Could you retype the lines below, starting at the line holding "WELCOME HOME!! This" and stopping at the line holding "KK Null Outer Bounds Of Sound Vinyl Record", inclusive? Copy them exactly and drop the images.

--- Data records ---
++++++++++++++++++++

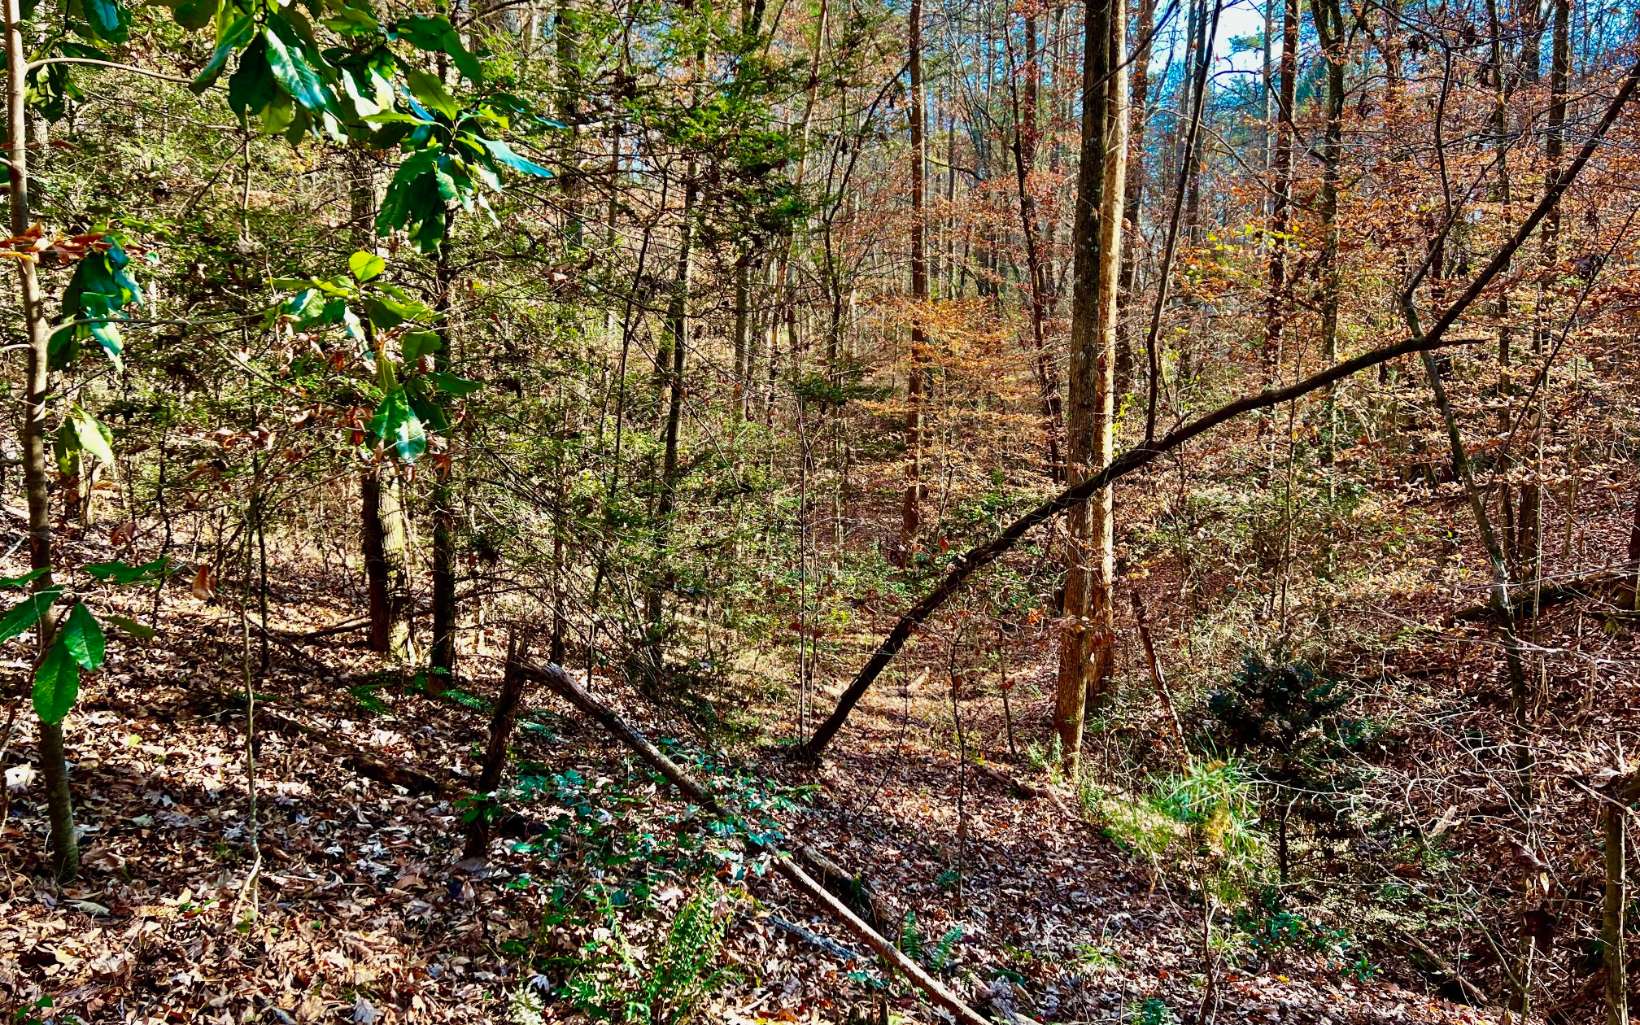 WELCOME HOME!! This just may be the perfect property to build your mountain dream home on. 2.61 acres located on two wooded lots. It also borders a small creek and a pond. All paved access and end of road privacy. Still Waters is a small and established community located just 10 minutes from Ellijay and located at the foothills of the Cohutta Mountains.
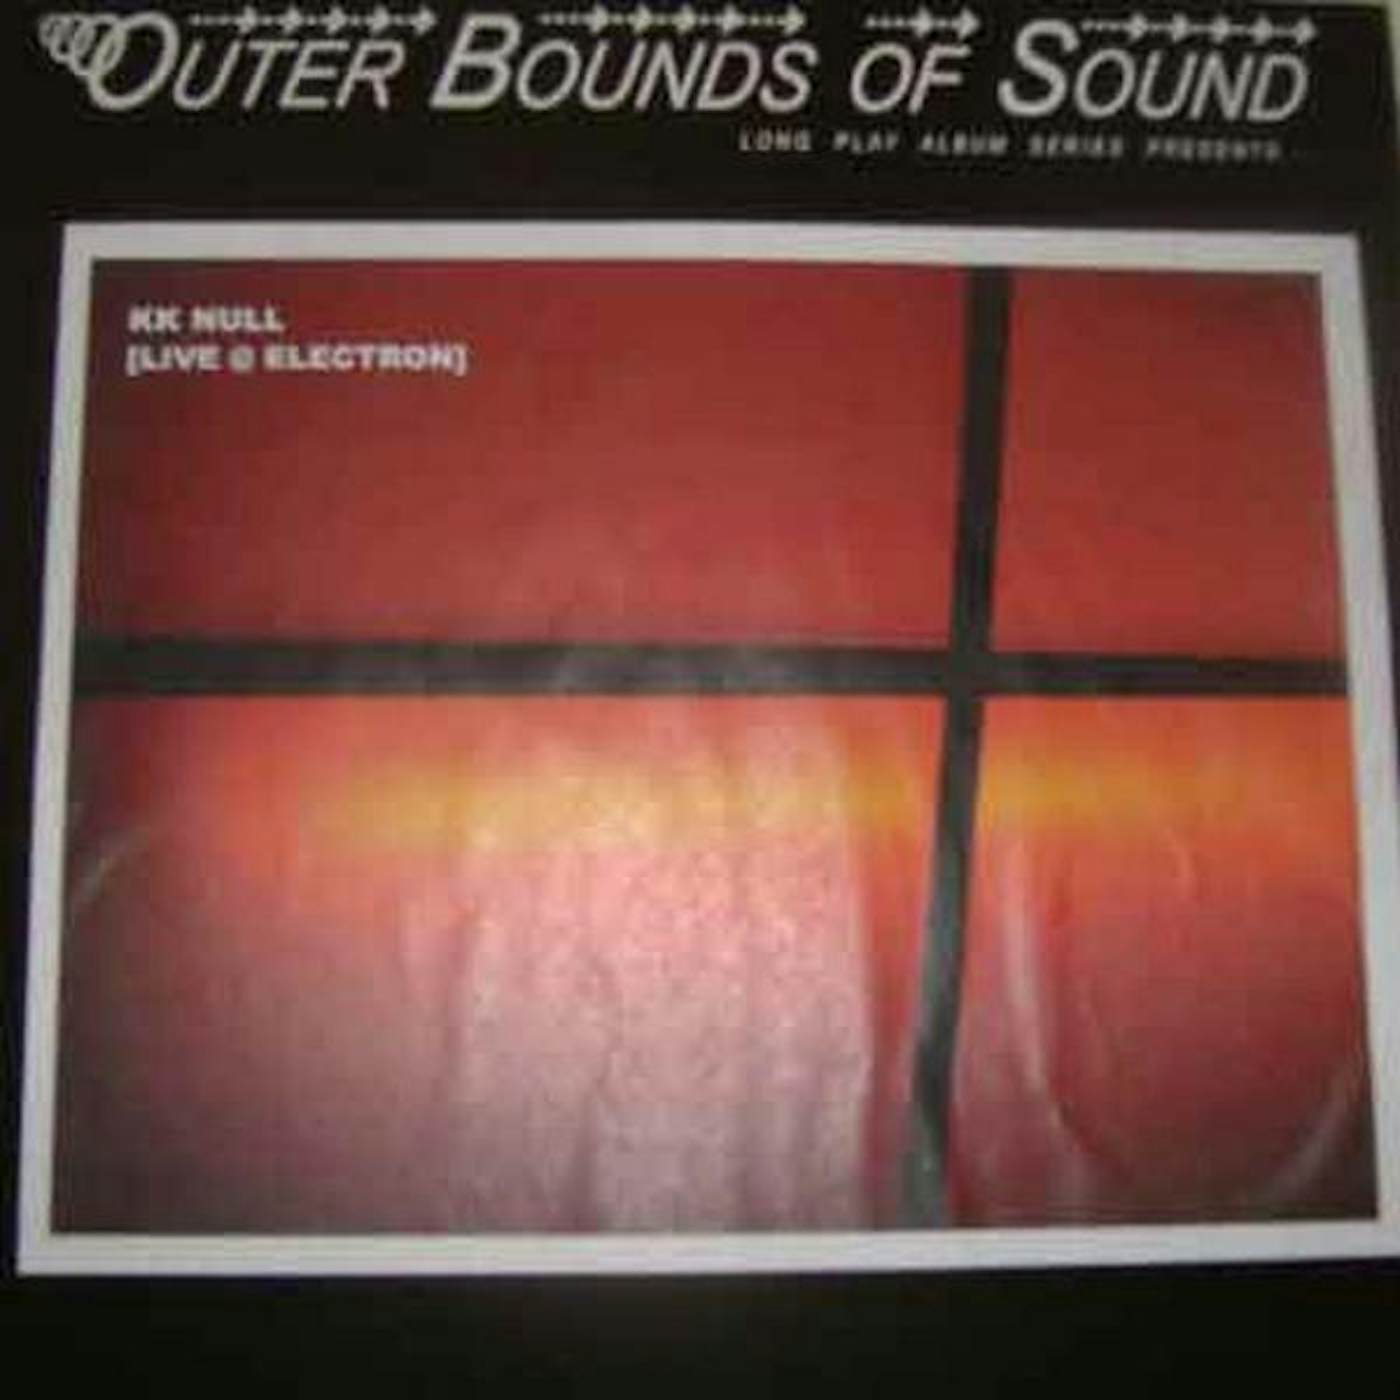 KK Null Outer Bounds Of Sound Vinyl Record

++++++++++++++++++++

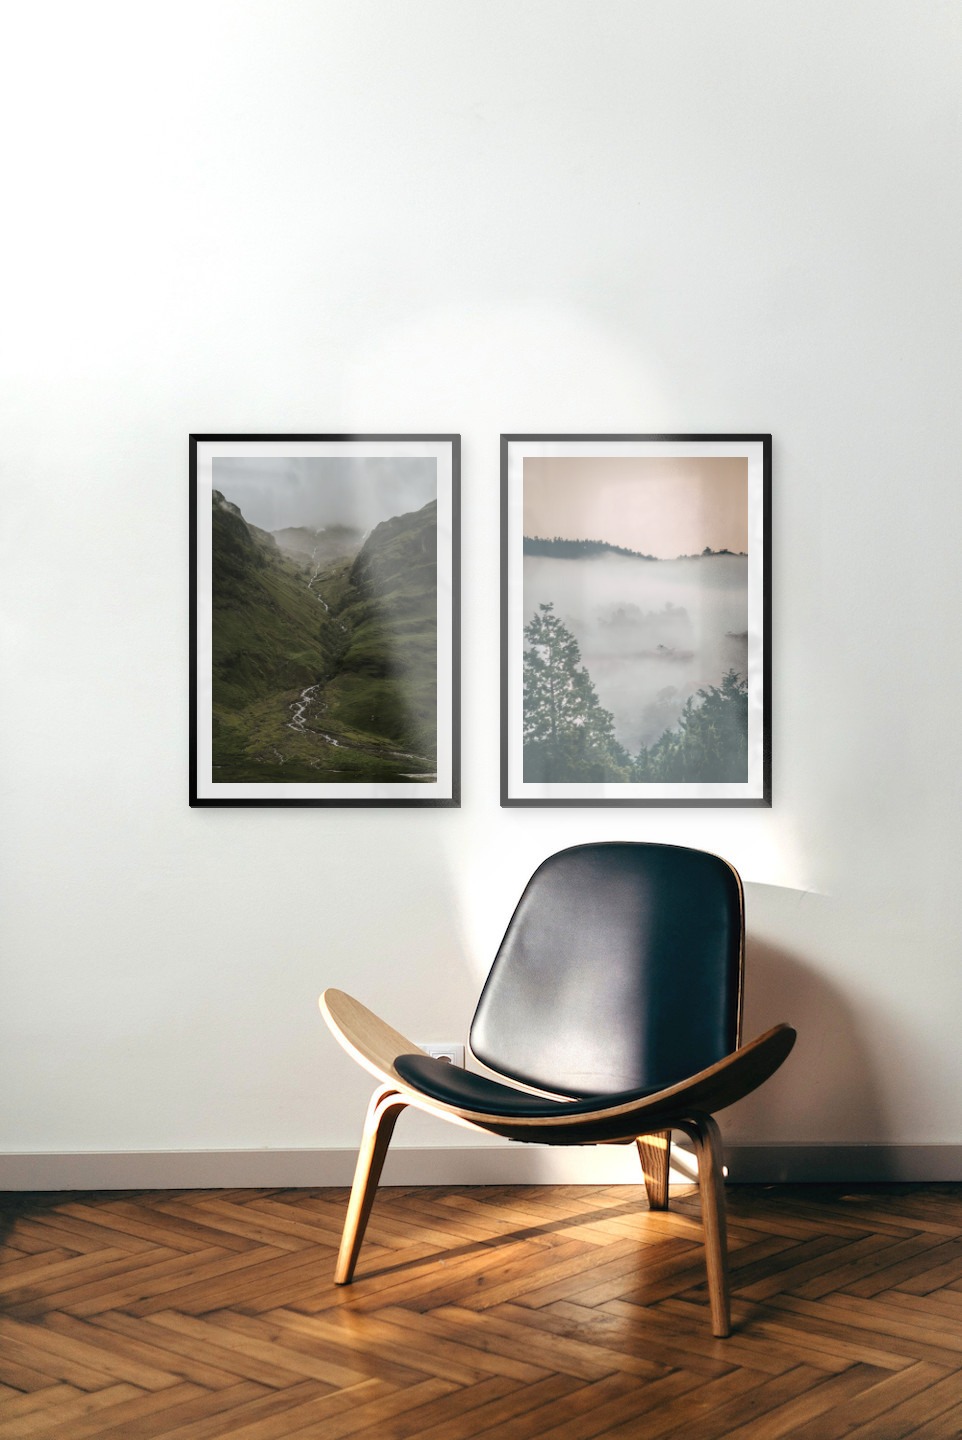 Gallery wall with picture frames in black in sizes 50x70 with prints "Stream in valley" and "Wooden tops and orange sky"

++++++++++++++++++++

--- Answer box ---
 WELCOME HOME!! This just may be the perfect property to build your mountain dream home on. 2.61 acres located on two wooded lots. It also borders a small creek and a pond. All paved access and end of road privacy. Still Waters is a small and established community located just 10 minutes from Ellijay and located at the foothills of the Cohutta Mountains.
 KK Null Outer Bounds Of Sound Vinyl Record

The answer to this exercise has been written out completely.